Correlation structure, a property worth investigating: It seems to us that one property that we can rely on even if we do not assume Brownian motion like model is the Brownian structure of the covariance matrix. We feel even if the process is not Brownian, the correlation structure might be considered similar to the Brownian process on tree correlation structure. That is the information MST uses to build the tree for correlation distance as well and does a pretty good job at it. We may want to exploit this property more in the model based framework we propose.
Scaling with data: It will most likely scale well with \(N\) if we can start from “good points” to reduce the search space.

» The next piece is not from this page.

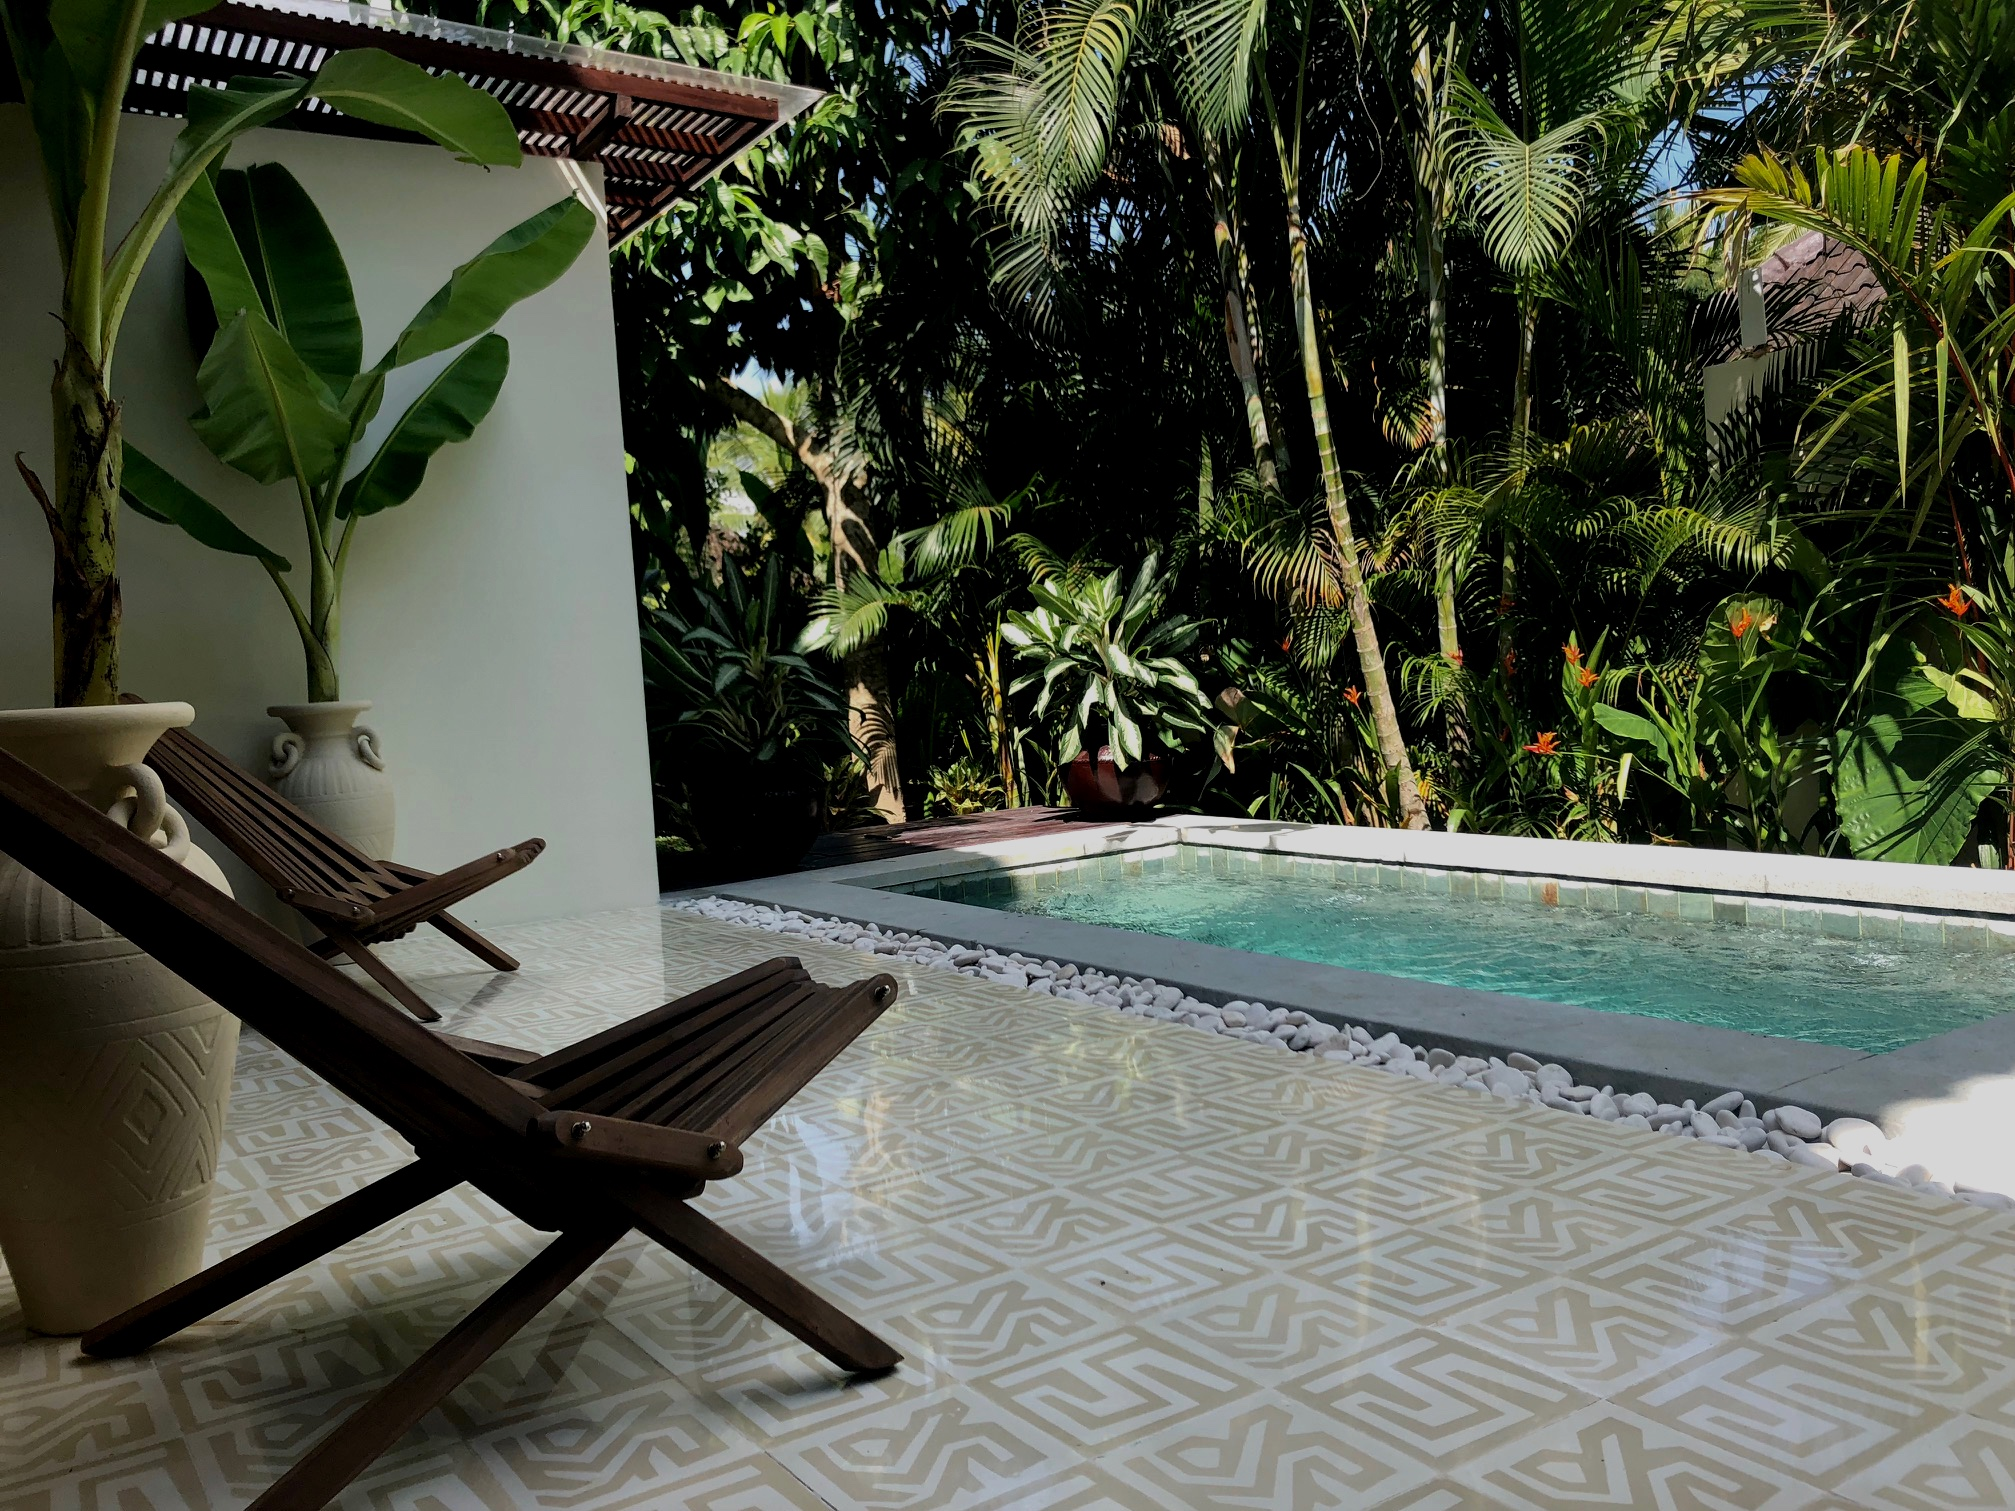 - Prince Pool Villa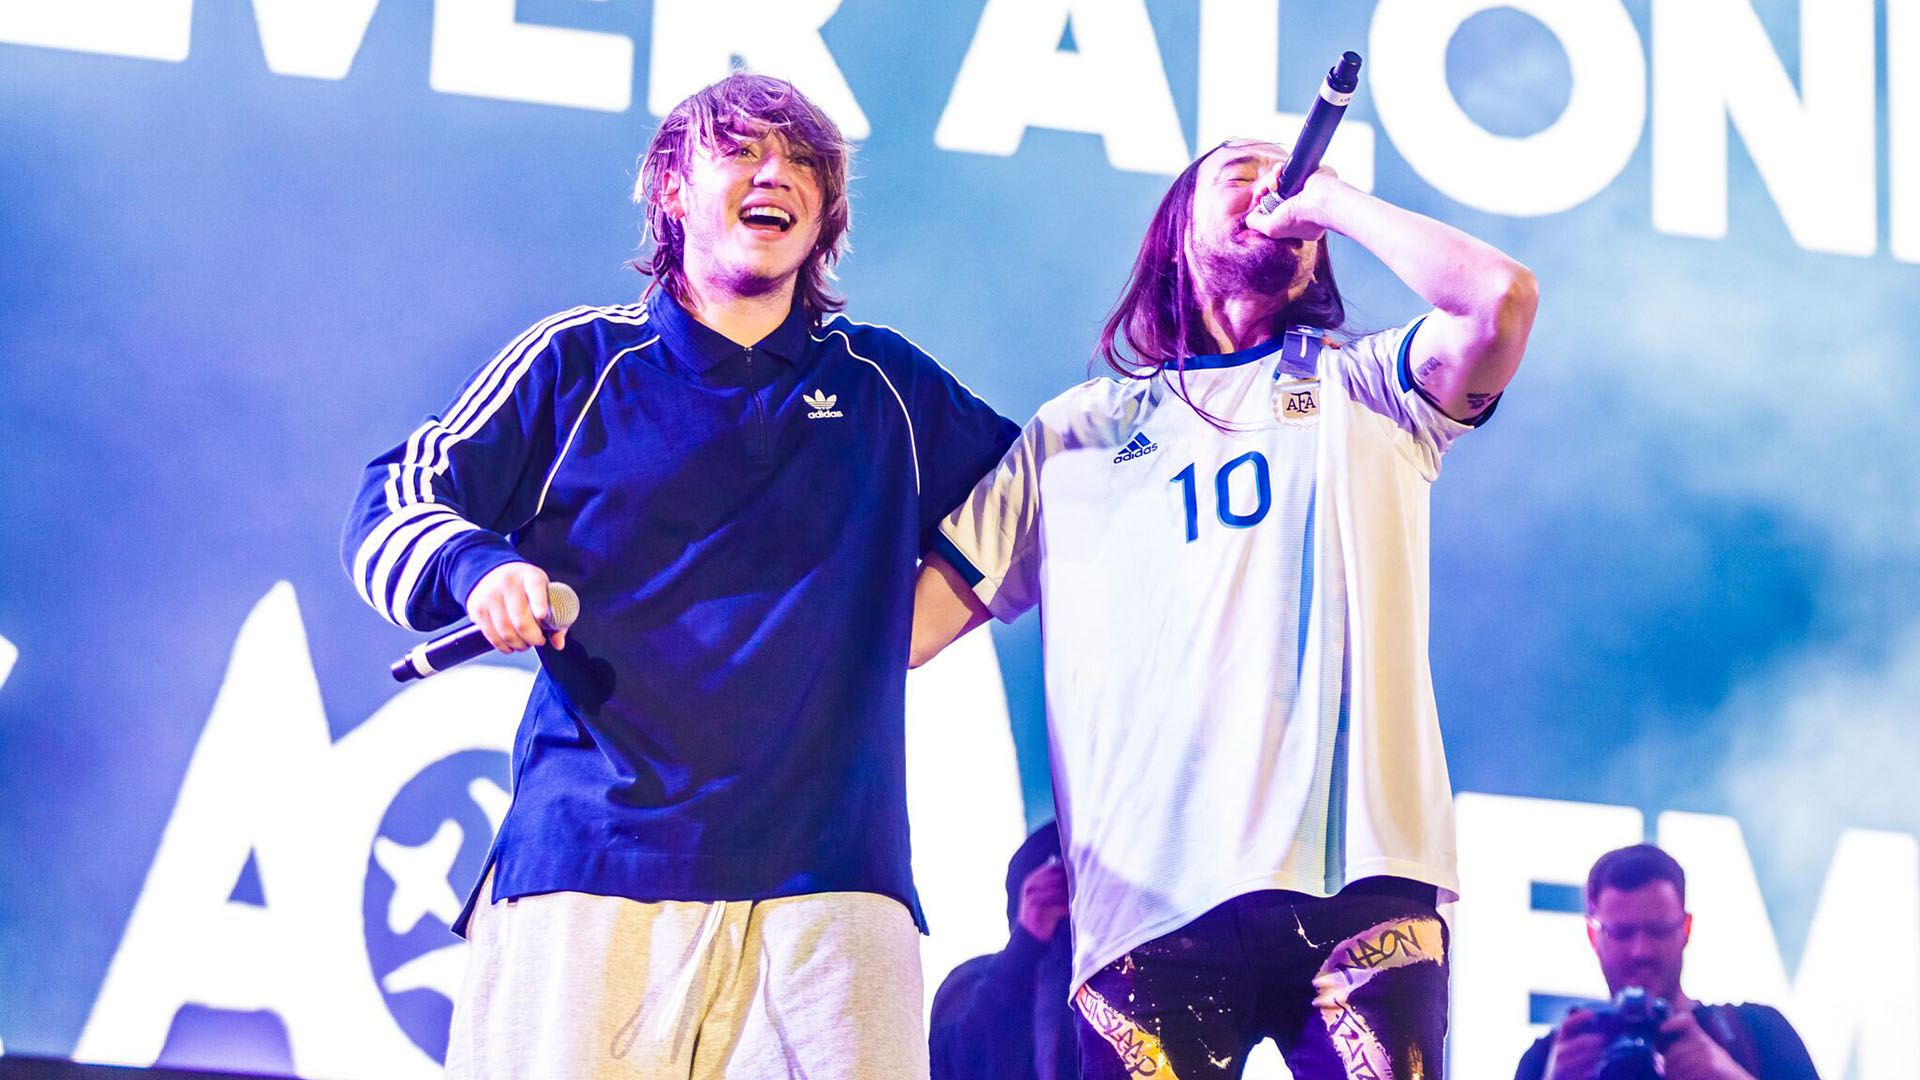 Steve Aoki subió al escenario para cantar junto a Paulo Londra (Foto: Lollapalooza)

Feature selection: Even though “white-noise” on feature (as in the current benchmark) does not seem to matter to manifold learning and factor analysis, it is still possible that different subsets of genes abide by different tree structure. This is not simulated in the current benchmark. We should consider how to select the right set of genes to work with. But probably the difference is local.
Final comments
It seems denoising with SFA/FLASH and then subsequent application of MST is a good way to ged rid of white-noise in genes. Our method might also be a pre-processing step for MST. Currently there is not enough literature on single cell tree construction from gene expression data. Application of methods from current benchmark particularly factor analysis + MST might be interesting application by itself. Of course we expect a new model along the lines of our proposal do better job.